Back: moderately long, strong and straight
Loins: broad and well muscled
Rump: long and broad. Falling away in a gentle slope
Chest: strong, broad, reaching to the elbows. Chest shaped like a roundish oval (seen in cross section); ribs neither flat nor barrel-shaped. Forechest well developed, noticeably broad
Belly: Belly and Hanks barely tucked up

Fairly heavy, reaching to the hocks, pendulous in repose. When alert and in movement, carried higher and slightly curved upwards, but never curled or tilted over the back

General: standing not too broad, straight and parallel seen from the front
Shoulders: long, strong, well laid back, close fitting to the body and well muscled, forming a not too obtuse angle with the upper arm
Forearm: heavy-boned and straight

General: straight, parallel and not too closse when seen from the back. Hocks and feet turn neither in nor out. Dewclaws must be removed.
Thighs: Broad, strong and well muscled
Hocks: Strong and well angulated.
Feet: strong, pointing straight ahead, tight, with well arched toes and strong nails.

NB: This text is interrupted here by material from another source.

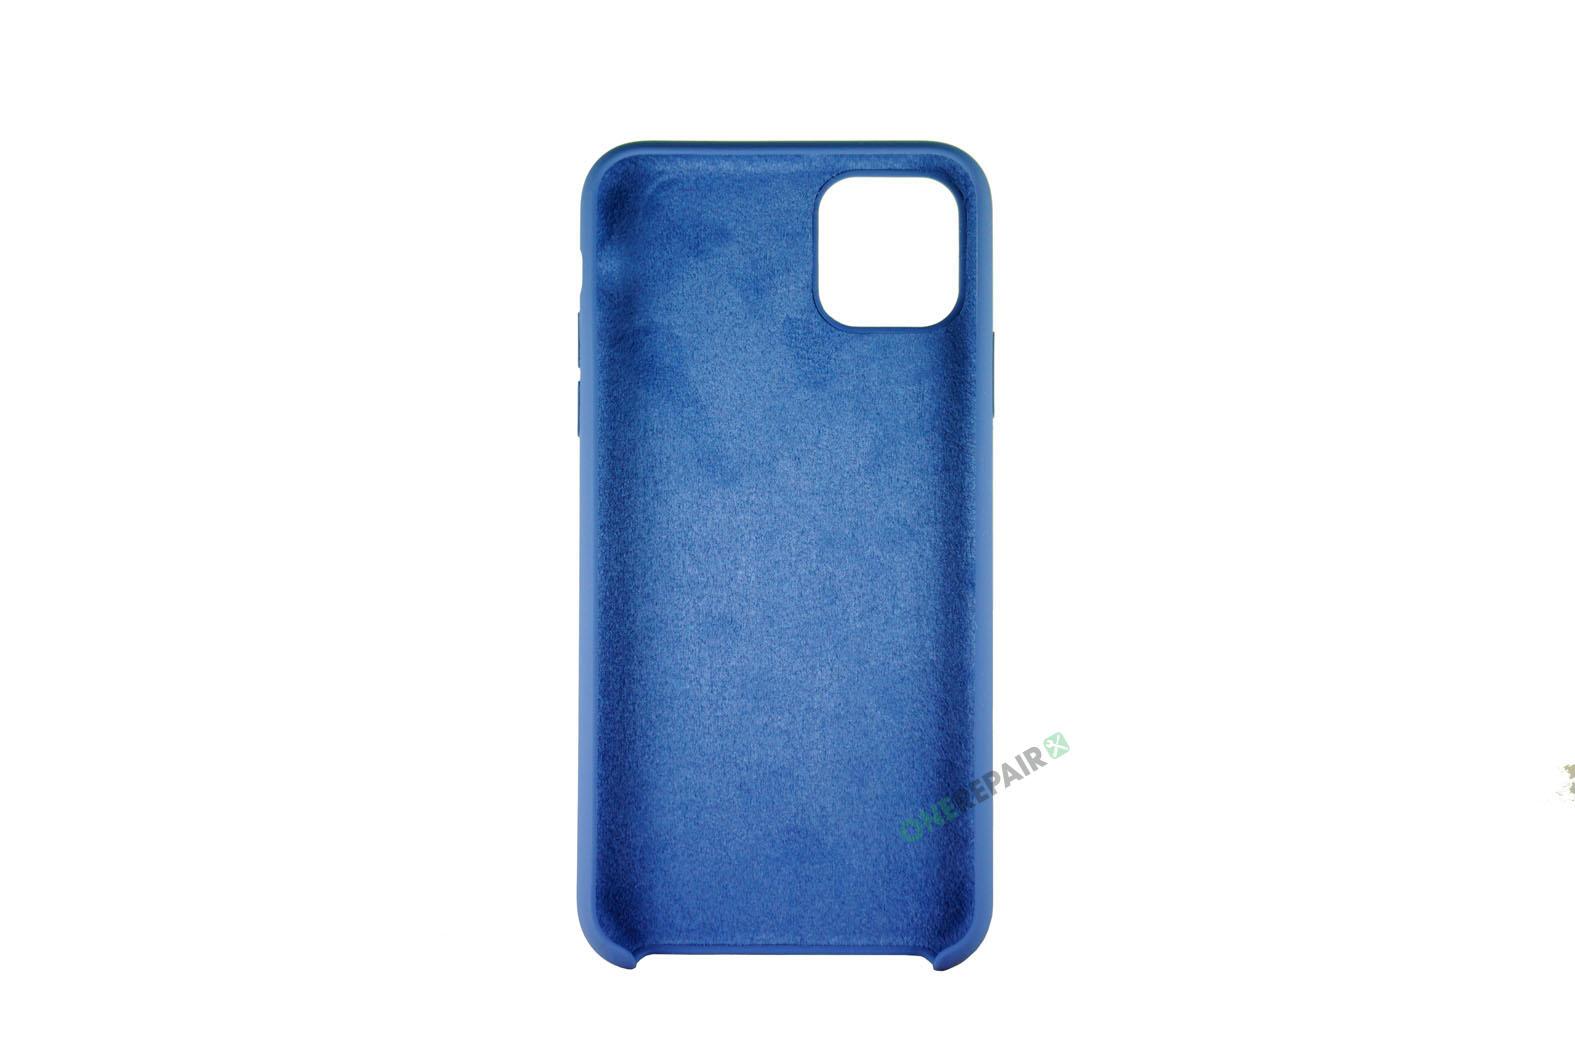 353777-003_iPhone_11_pro_Max_silikone_cover_blaa_onerepair_00002

free, striding, even movements in all gaits. Far reaching free forward movement with good drive from hindquarters. When trotting, limbs move in a straight line when seen from front or back.

Texture of coat: Double coat consisting of thick medium length outer coat and dense undercoat. The latter as dark gray or black as possible. Short outer coat permissible if there is undercoat.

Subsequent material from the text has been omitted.